[Task input Boundary: Start]

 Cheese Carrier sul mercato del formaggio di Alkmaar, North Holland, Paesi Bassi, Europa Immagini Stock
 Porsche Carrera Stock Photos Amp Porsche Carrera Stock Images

[Task input Boundary: End]
[Task input Boundary: Start]

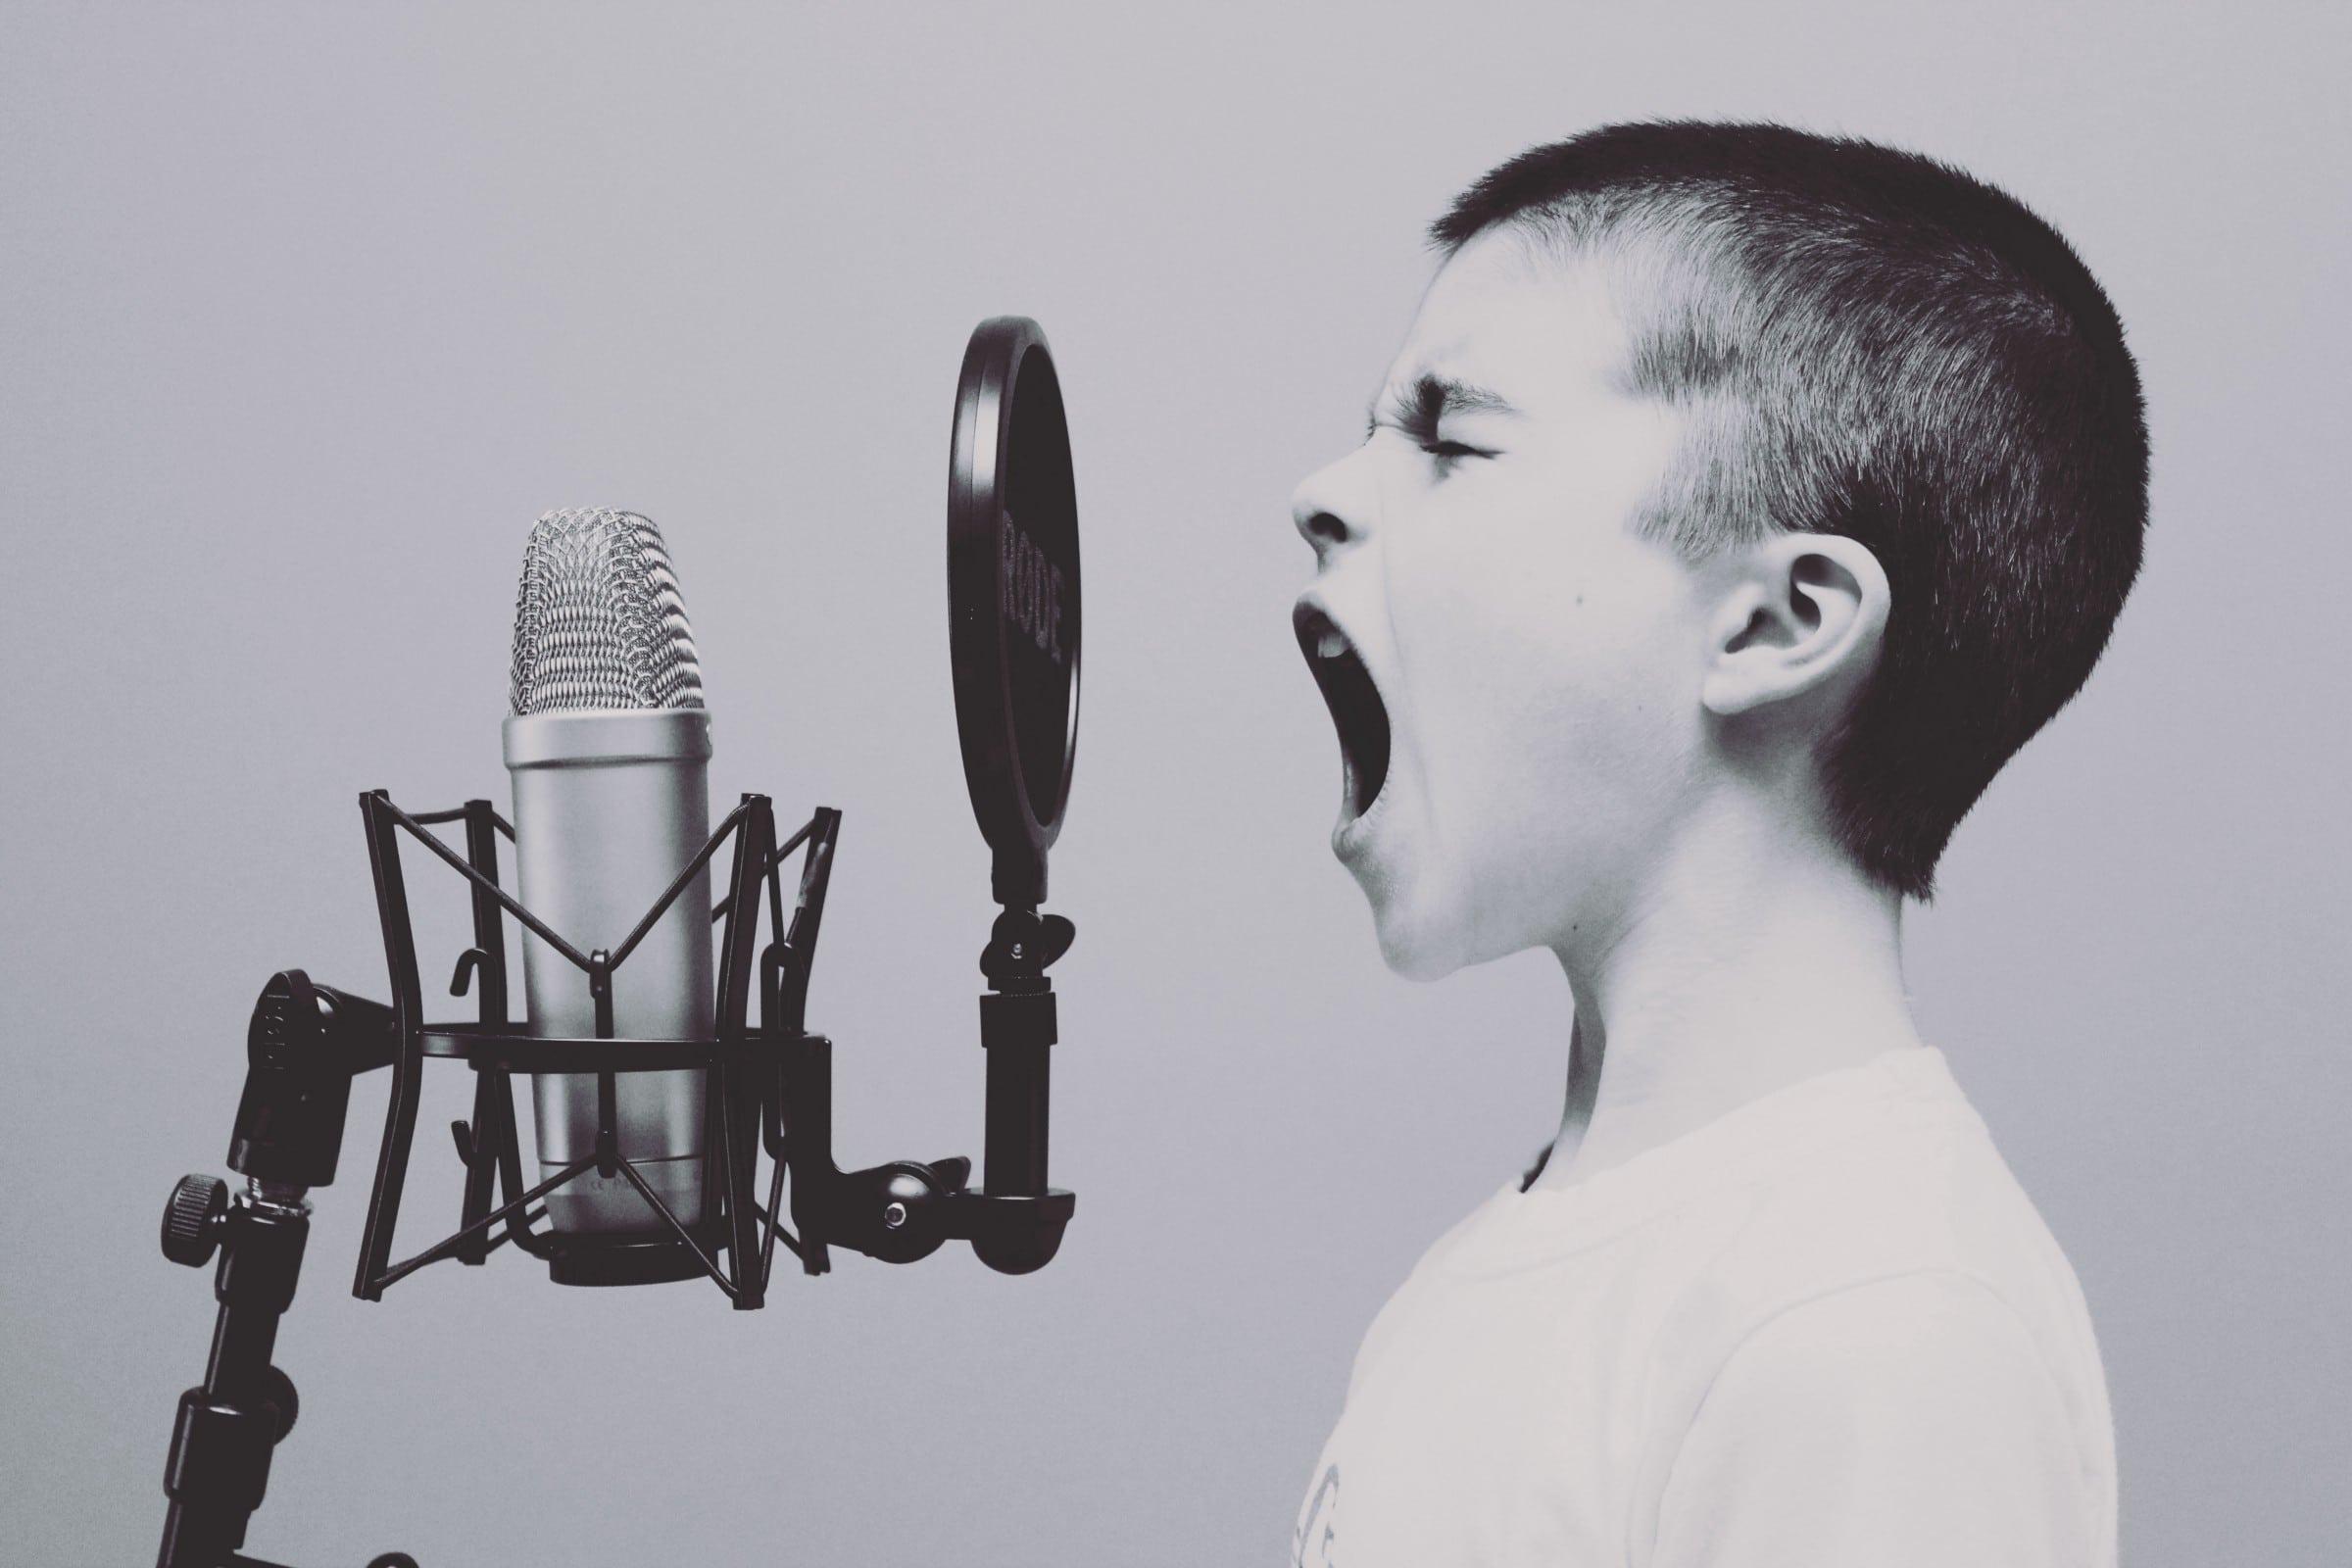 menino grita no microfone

[Task input Boundary: End]

Each line carrying the string "Stock" should be copied out from the entries.

 Cheese Carrier sul mercato del formaggio di Alkmaar, North Holland, Paesi Bassi, Europa Immagini Stock
 Porsche Carrera Stock Photos Amp Porsche Carrera Stock Images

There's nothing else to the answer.